Advocates and health professionals said the interlock systems are a common-sense approach that has worked in other states and would save lives in South Carolina.

“I will not get to walk her down the aisle one day and that hurts,” David Longstreet, Emma’s father, told the House panel. “This bill will save lives. It could have saved Emma.”

The House Criminal Laws Subcommittee made several changes to the bill, S.137, sponsored by Sen. Joel Lourie, D-Columbia. Only those convicted of a DUI — not charged as in Lourie’s original bill — would have to install the interlock device.

Also, the law would only apply to those who are found to have a blood alcohol content of .15 or higher — not .12, as in the original bill. That new standard is nearly twice the legal limit of .08. House members also added a provision that allows for those who are required to install the interlock devices the right to a hearing to contest the restriction.

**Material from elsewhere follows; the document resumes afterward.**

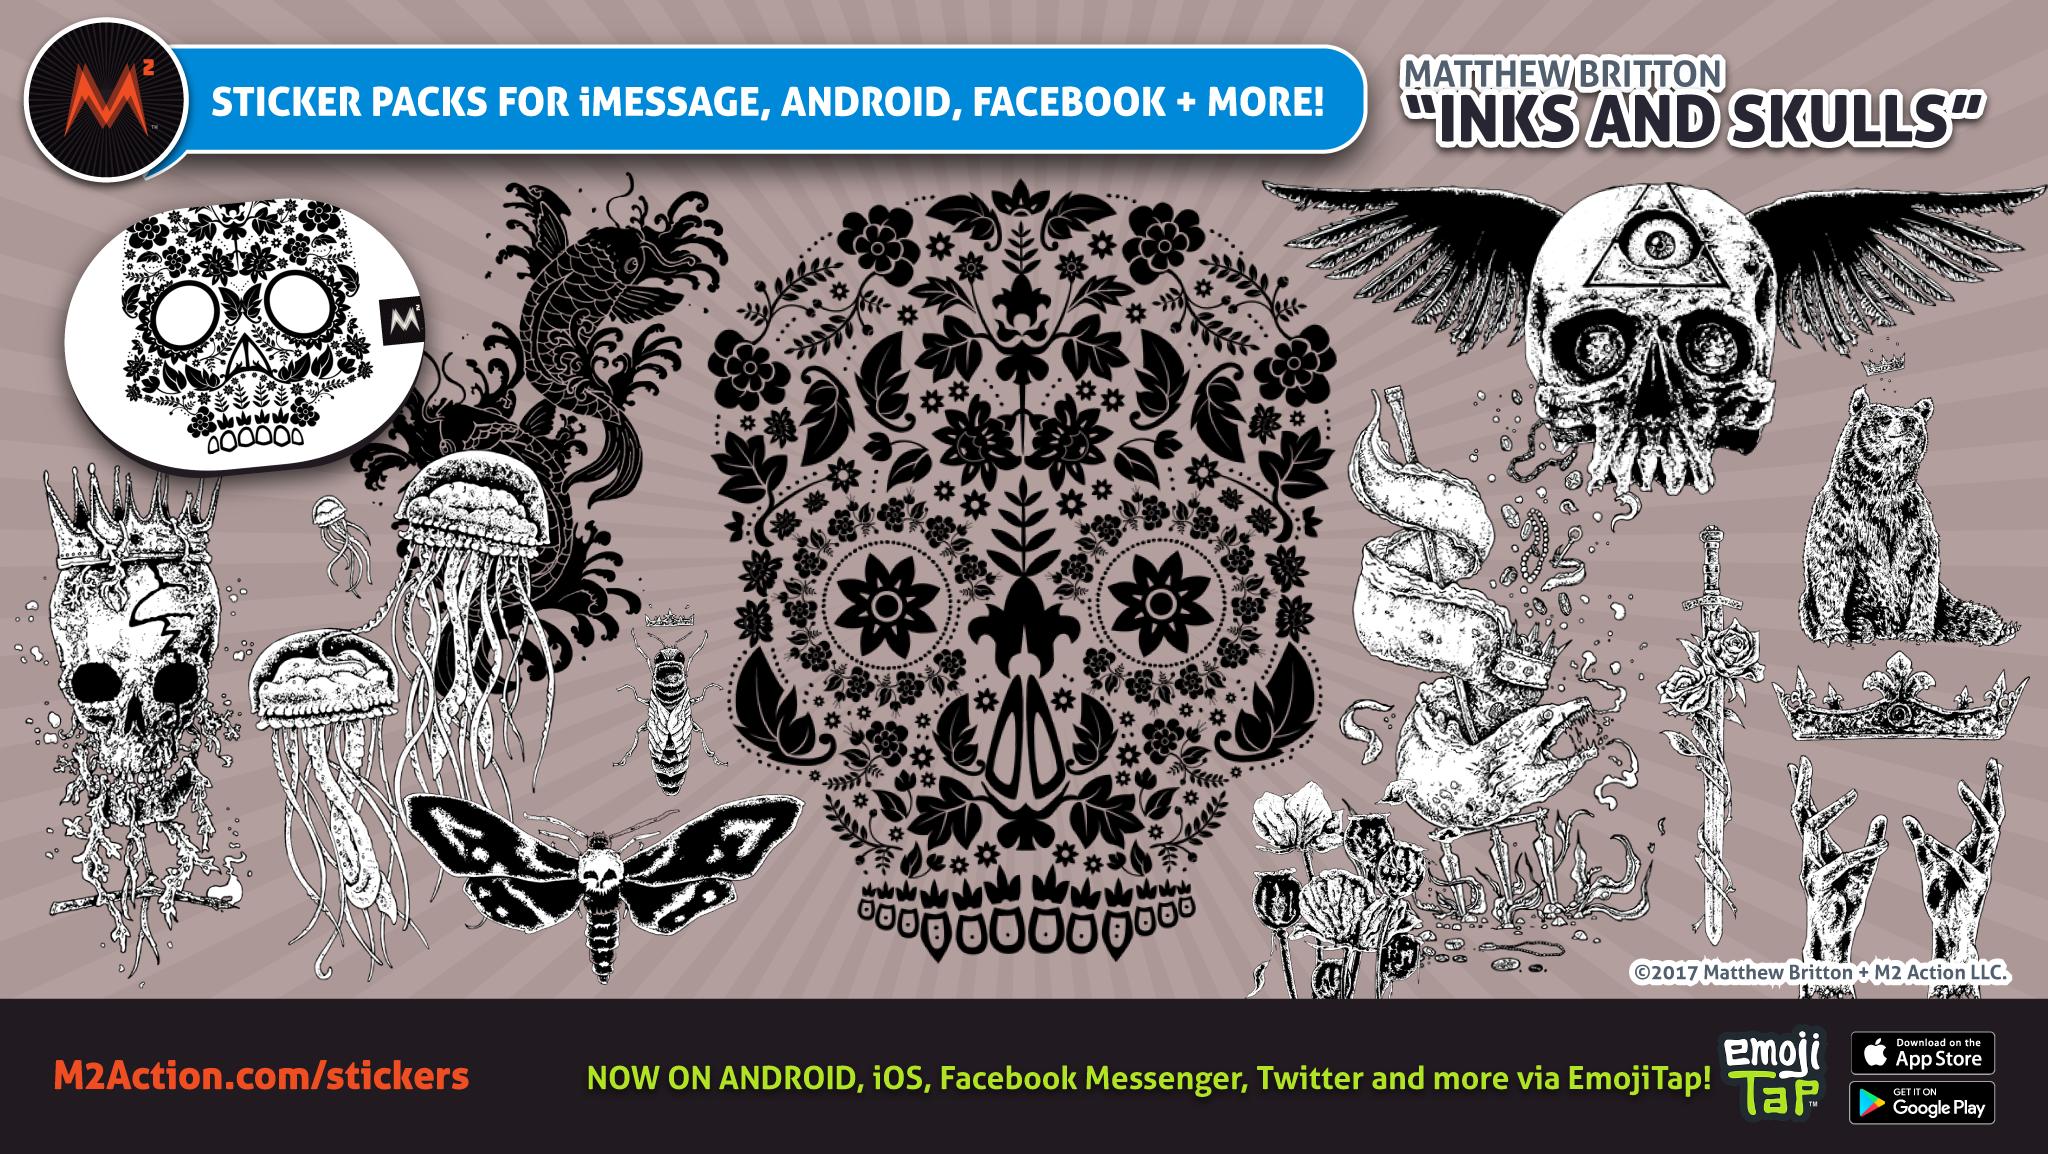 M2_Stickers_Promos_April2017_MatthewBritton_InksAndSkulls.png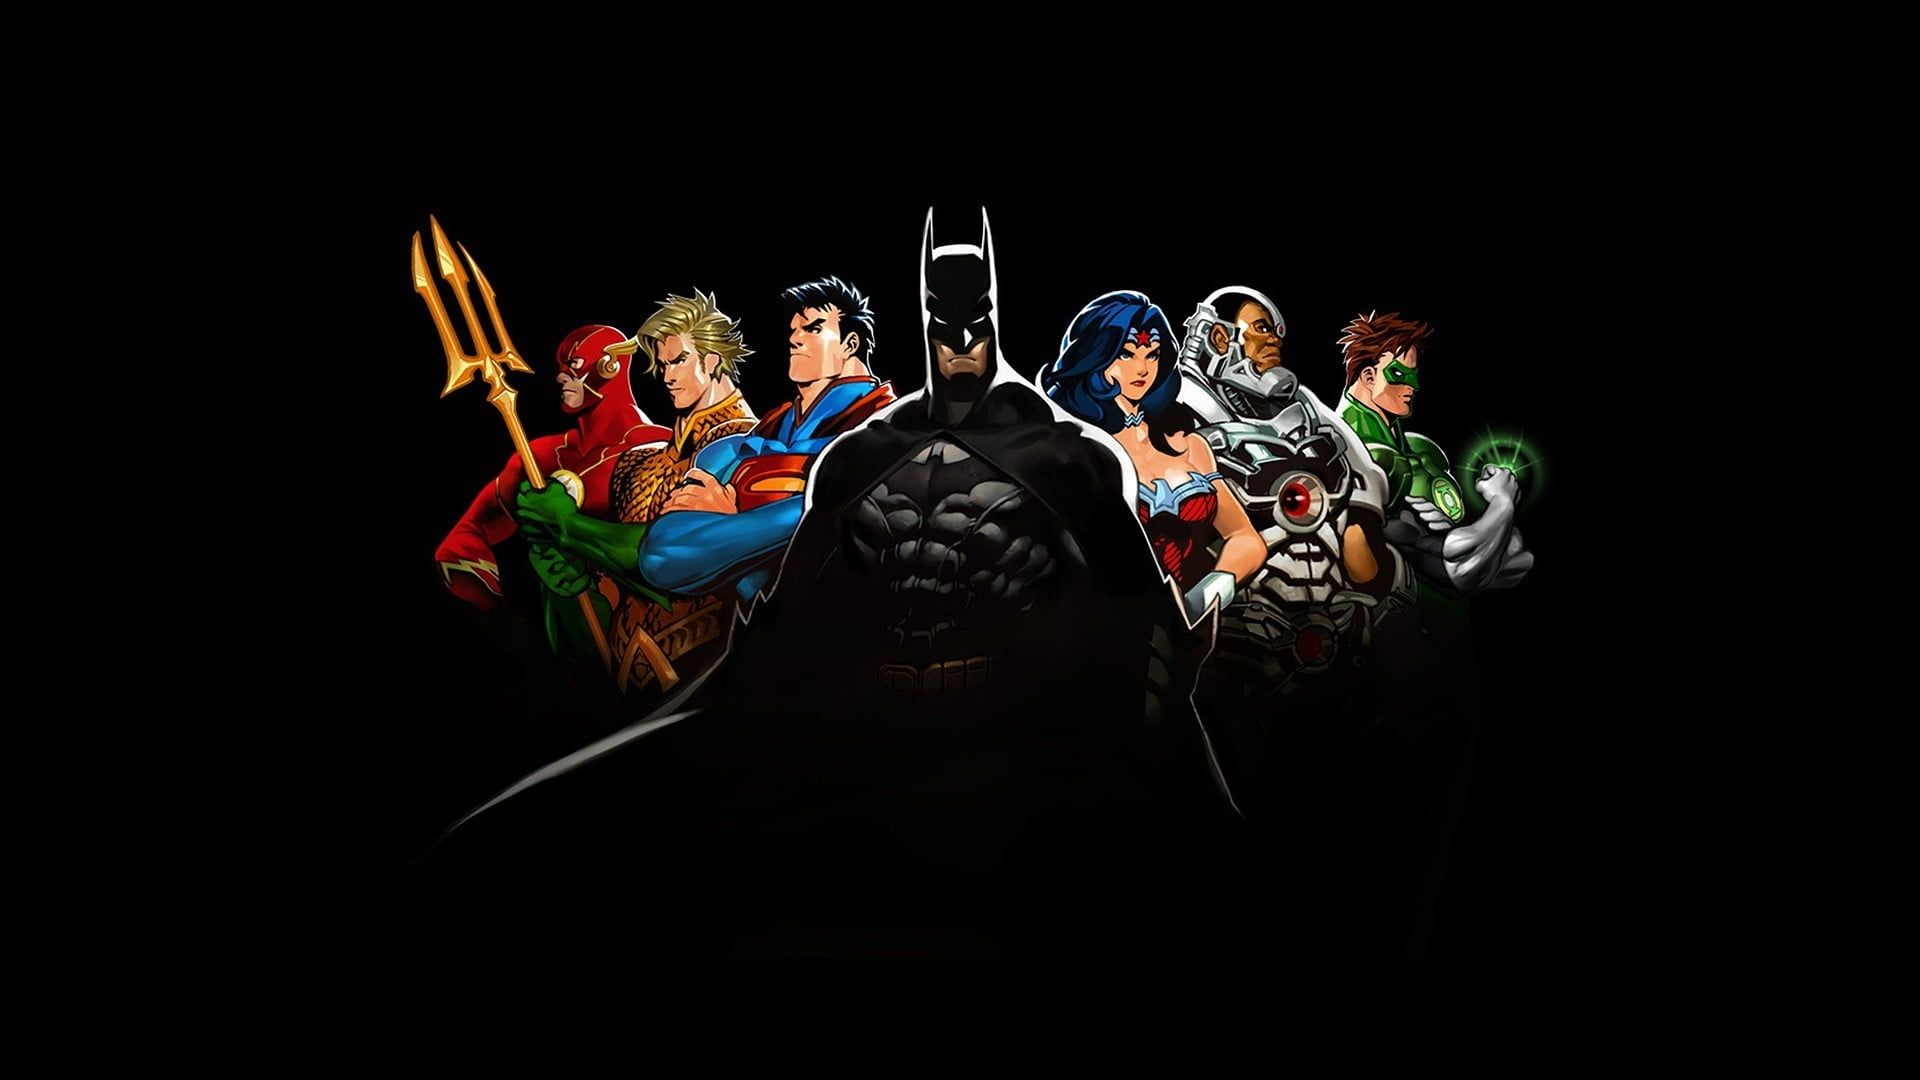 Justine League Digital Wallpaper Justice League 3d Wallpaper Comics Dc Comics Justice League The In 2020 Dc Comics Wallpaper Cyborg Dc Comics Justice League Aquaman

The new limit of .15 can mean a person is drunk enough to vomit and has less muscle control than normal, according to the Mothers Against Drunk Driving Web site.

Longstreet said after the hearing that he was disappointed in the changes made by House members but that the most important thing was that the bill came one step closer to fruition.

Rep. Todd Rutherford, D-Columbia, the House minority leader and a criminal defense attorney, said that the BAC number is arbitrary. He also blasted detractors who said he and other criminal defense attorneys have held up the bill.

“I am absolutely positive this is going to pass,” Rutherford said.

 Sen. Lourie, who attended the hearing, said the House changes “weakened” the bill, but he hopes to strengthen it in time to pass this year.

“This will have significant, very measurable impact,” he said.